I have built a simple news aggregator site, in which the memory usage of all my App Engine instances keep growing until reaching the limit and therefore being shut down.
I have started to eliminate everything from my app to arrive at a minimal reproducible version. This is what I have now:
app = Flask(__name__)
datastore_client = datastore.Client()
@app.route('/')
def root():
query = datastore_client.query(kind='source')
query.order = ['list_sequence']
sources = query.fetch()
for source in sources:
pass
Stats show a typical saw-tooth pattern: at instance startup, it goes to 190 - 210 Mb, then upon some requests, but NOT ALL requests, memory usage increases by 20 - 30 Mb. (This, by the way, roughly corresponds to the estimated size of the query results, although I cannot be sure this is relevant info.) This keeps happening until it exceeds 512 Mb, when it is shut down. It usually happens at around the 50th - 100th request to "/". No other requests are made to anything else in the meantime.
Now, if I eliminate the "for" cycle, and only the query remains, the problem goes away, the memory usage remains at 190 Mb flat, no increase even after 100+ requests.
gc.collect() at the end does not help. I have also tried looking at the difference in tracemalloc stats at the beginning and end of the function, I have not found anything useful.
Has anyone experienced anything similar, please?
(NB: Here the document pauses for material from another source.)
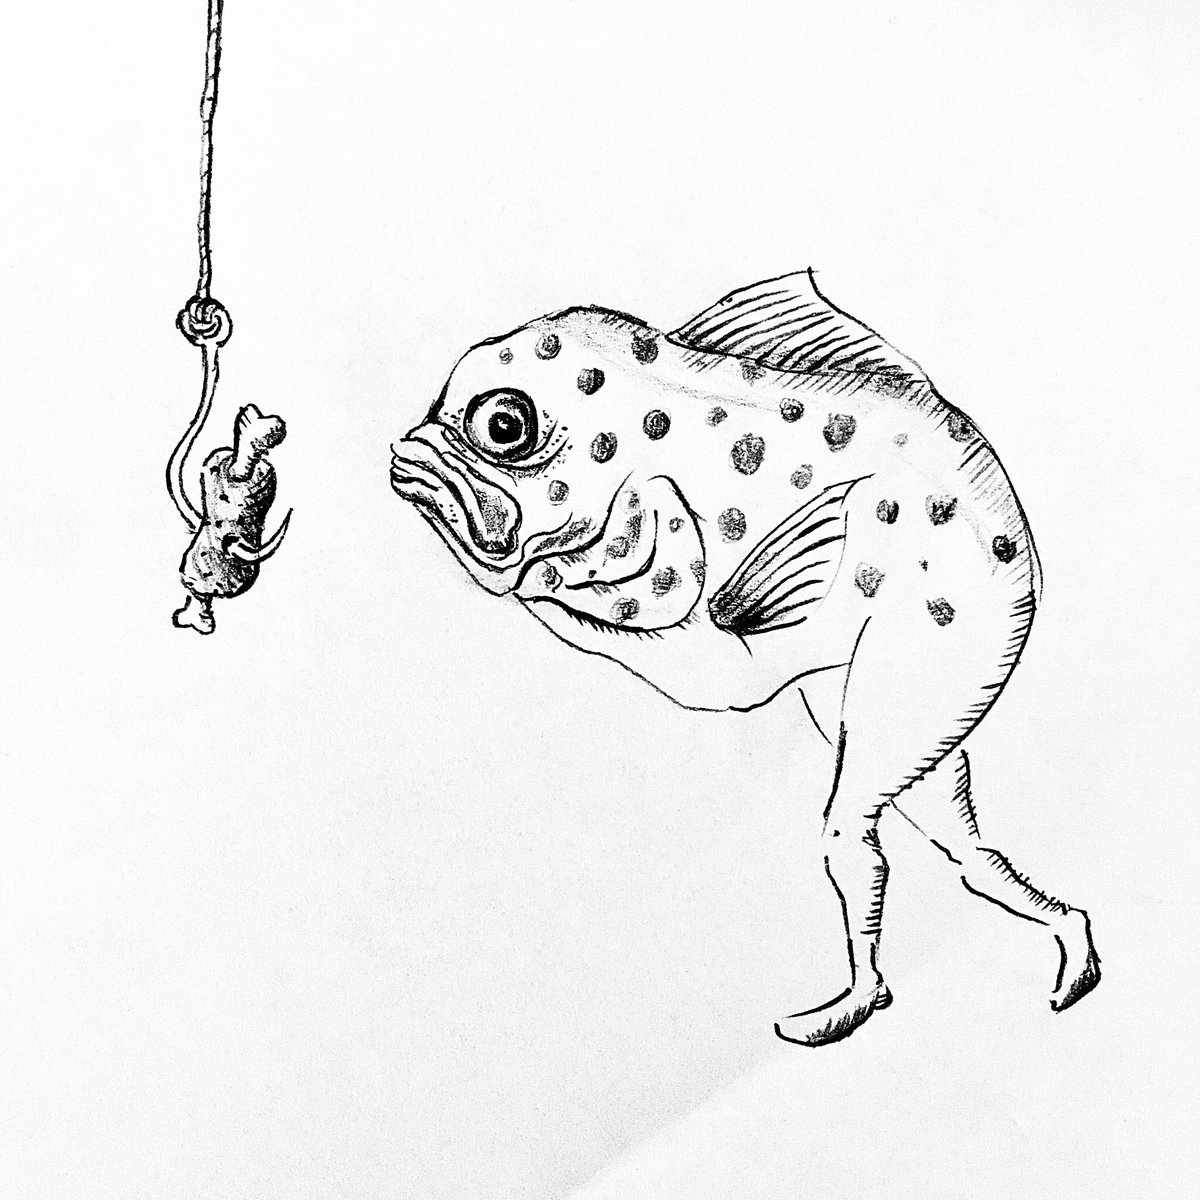 魚 イラスト フリー 白黒 魚 イラスト フリー 白黒 ~ イラスト画像集

Any ideas what might go wrong here? What additional tests / investigations can you recommend? Is this possibly a Google App Engine / Datastore issue I have no control of?
Thank you.
@Alex in the other answer did a pretty good research, so I will follow up with this recommendation: try using the NDB Library. All calls with this library have to be wrapped into a context manager, which should guarantee cleaning up after closing. That could help fix your problem:
ndb_client = ndb.Client(**init_client)
with ndb_client.context():
query = MyModel.query().order(MyModel.my_column)
sources = query.fetch()
for source in sources:
pass
# if you try to query DataStore outside the context manager, it will raise an error
query = MyModel.query().order(MyModel.my_column)